One important initiative—the groundbreaking Swedish legislation from 1999 that criminalizes those who attempt to or have purchased a sexual service—has gained international attention as a viable and effective tool to prevent prostitution and trafficking of human beings. According to the law, “A person who…obtains a casual sexual relation in exchange for payment shall be sentenced for the purchase of a sexual service to a fine or imprisonment for at the most six months.” The law was originally proposed by the Swedish women’s movement and resulted from Swedish society’s long-standing commitment to gender equality and to combating violence against women. The Swedish law emphasizes that prostitution is a serious form of male violence against women, one that targets the economically, racially, or ethnically marginalized and that it is a serious barrier to gender equality; the law considers prostitution as both harmful to victims and to society at large.

Notably, those who are exploited for prostitution in Sweden are not criminalized or subjected to administrative penalties; rather, they have a right to social-service support and exit assistance programs. The law is an expression of the political commitment and consensus in Swedish society to prevent and fight prostitution and human trafficking by targeting men’s demand for women, other men, and children for the purpose of sexual exploitation. Those men who purchase or attempt to purchase a sexual service are prosecuted and convicted; it is recognized that the law also has beneficial normative effects on the prostitution behaviour of individual men as well as on public attitudes toward prostitution and sex trafficking in Sweden.

I don’t know what is the right thing to believe, on one hand, I think the licensing of the problem would give the police an ability to check for trafficked women and for health professionals to ensure that the women are safer but I still believe that it is an act of violence against women (as does the Swedish government).

The impact of the Swedish law has been unexpected.

In light of these debates, the Swedish government decided in 2008 to appoint a special inquiry charged with evaluating the practical implementation of the law that prohibits the purchase of sexual services and its effects on the existence of prostitution and sex trafficking in Sweden.
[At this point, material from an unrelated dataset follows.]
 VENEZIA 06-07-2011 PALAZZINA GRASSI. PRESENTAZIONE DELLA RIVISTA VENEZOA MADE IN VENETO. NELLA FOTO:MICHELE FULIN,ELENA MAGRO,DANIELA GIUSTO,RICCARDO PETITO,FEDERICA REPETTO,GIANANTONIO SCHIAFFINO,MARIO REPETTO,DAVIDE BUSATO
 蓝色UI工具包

The 2010 report concludes that the number of persons, mainly women, exploited in street prostitution in Sweden has been halved since 1999, while in the neighbouring countries of Denmark and Norway the number is three times higher.

Many of the law’s critics have claimed that prostitution activities would “go underground” or be moved into other arenas as a result of enforcement. But the special inquiry report does not find this to be the case. In particular, there is no evidence of an increase in indoor prostitution. Prostitution through the Internet, however, has increased in Sweden, as it has in other countries, but this increase is not due to the law—it is rather a consequence more generally of improved online technology. And just as with outdoor prostitution, the number of individuals sold for prostitution purposes via the Internet is much larger in Denmark and Norway.
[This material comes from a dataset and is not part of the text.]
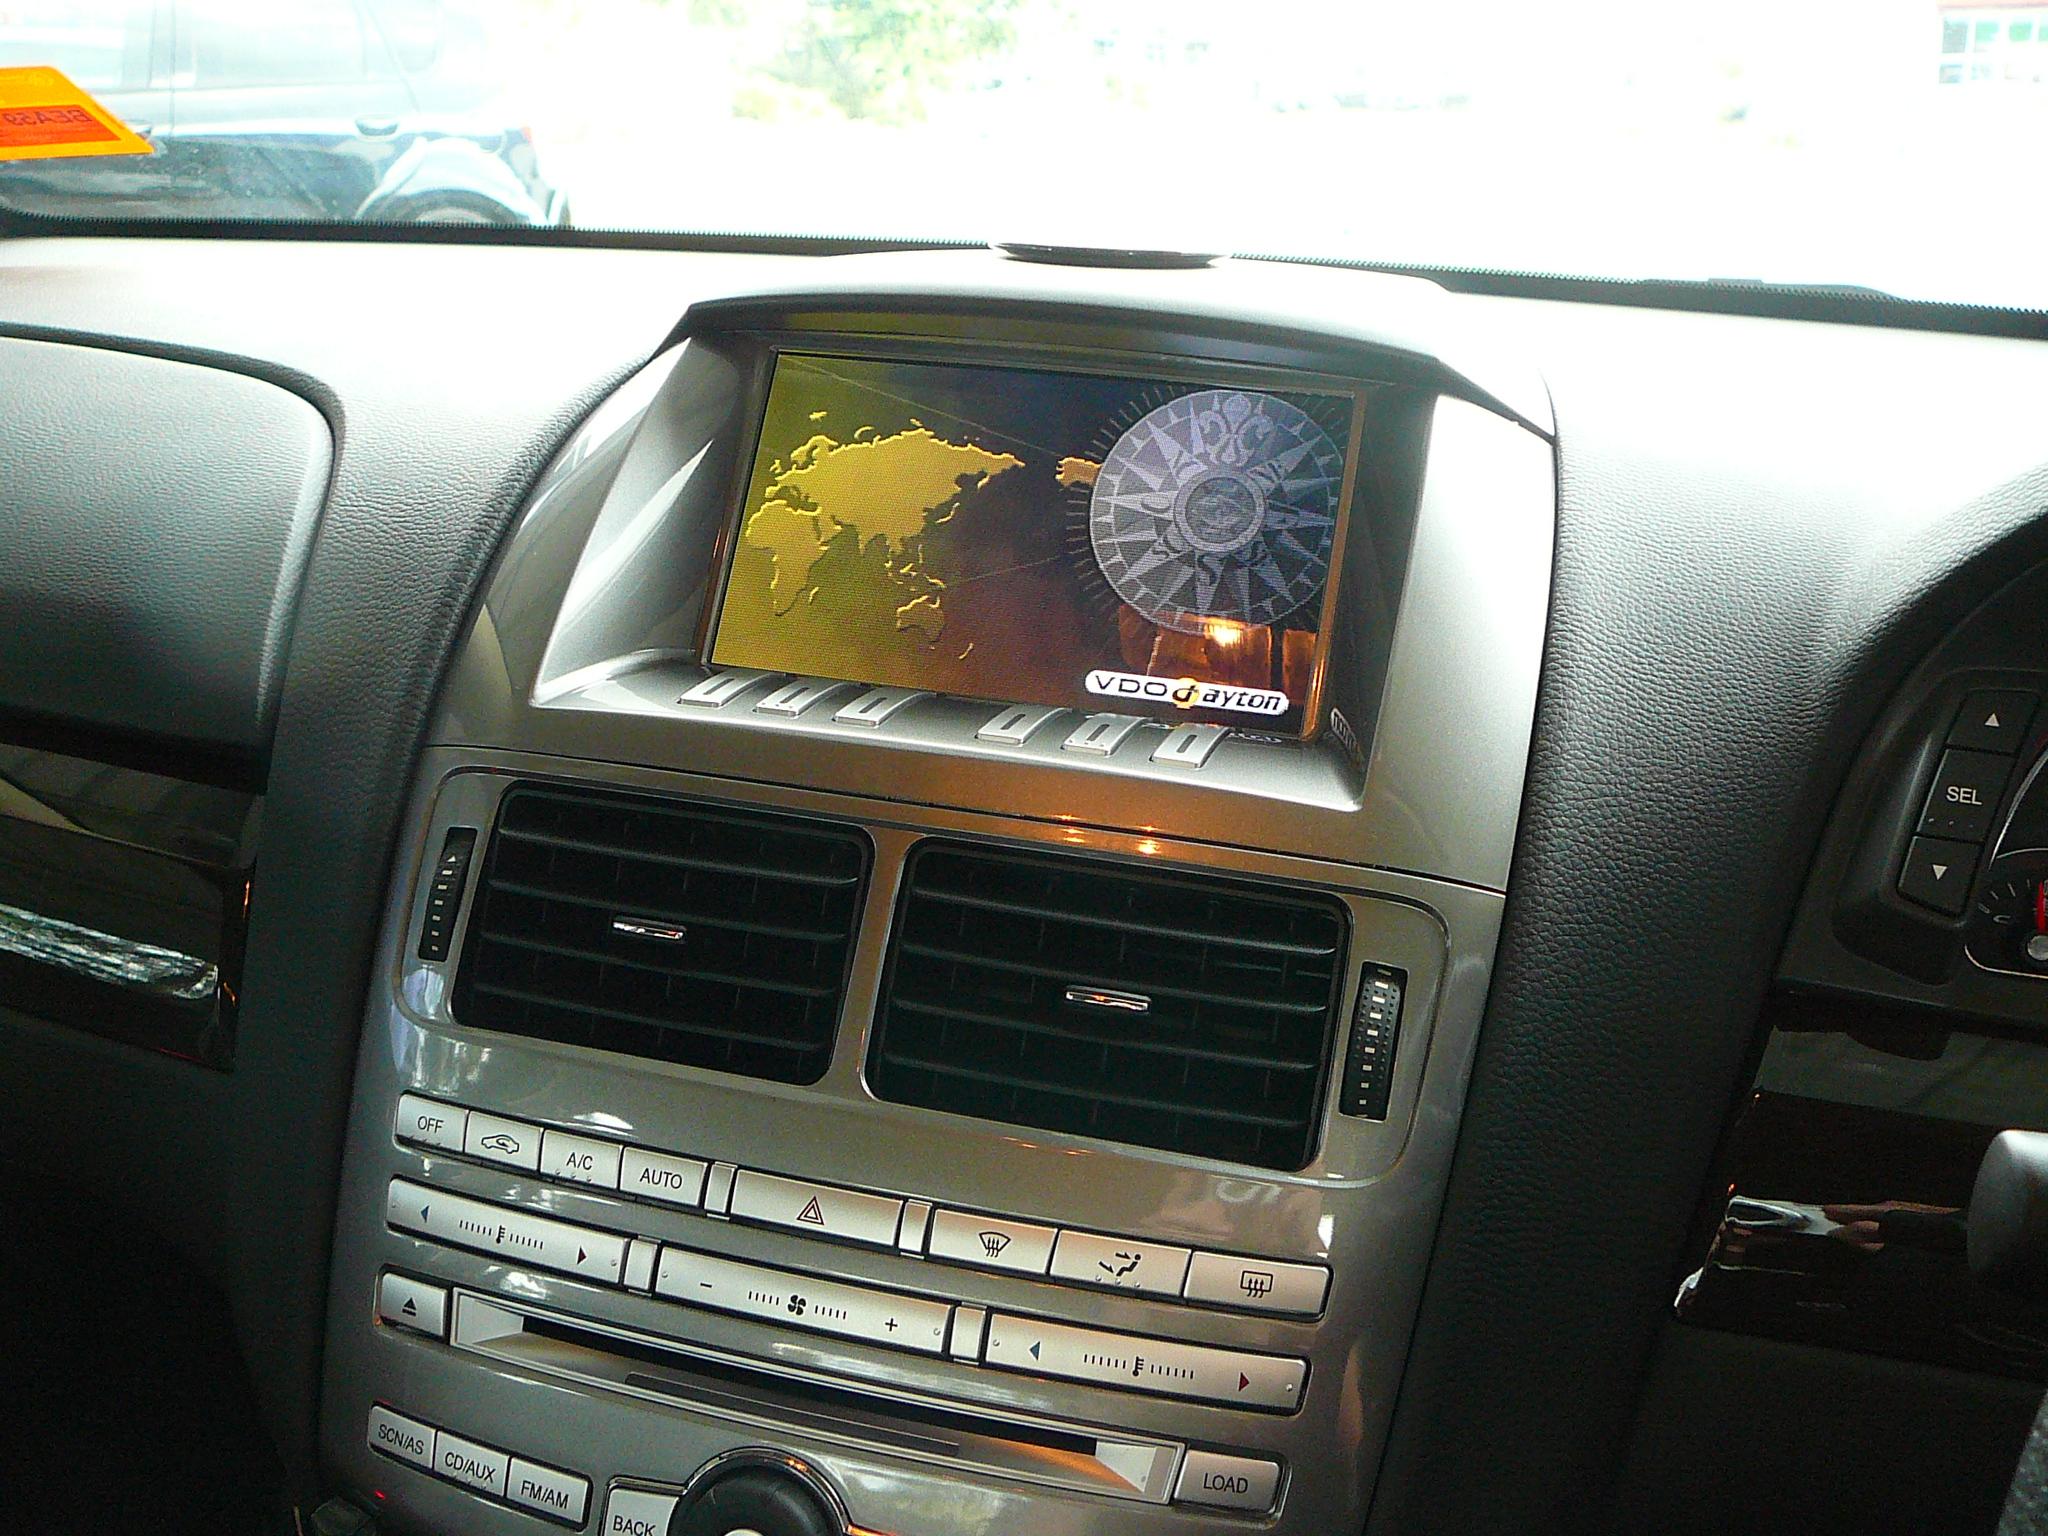 Ford Falcon F6E 2010, VDO MS5200FG GPS Navigation

Most notably, despite a significant increase in prostitution in neighbouring countries during the past ten years, the special inquiry report finds no evidence of a similar increase in Sweden. The report concludes that this is due to criminalizing the purchase of a sexual service in Sweden. Another significant finding, consistent with the annual reports of the national rapporteur on trafficking in human beings, is that this prohibition has deterred organized-crime networks involved in human trafficking for the purpose of prostitution from operating in Sweden.

The special inquiry report also discusses the normative effects of the law, pointing out that it enjoys strong public support (71 percent in favour) and that its implementation has led to significant positive changes in attitudes.

I know Sweden is a much different culture than Canada but I am surprised by these results.  The one thing that I doubt is that street prostitution would diminish if prostitution was criminalized here.  I wonder how much of the decline was because of the criminalization and how much of the decline was due to the national conversation and education campaigns the government launched.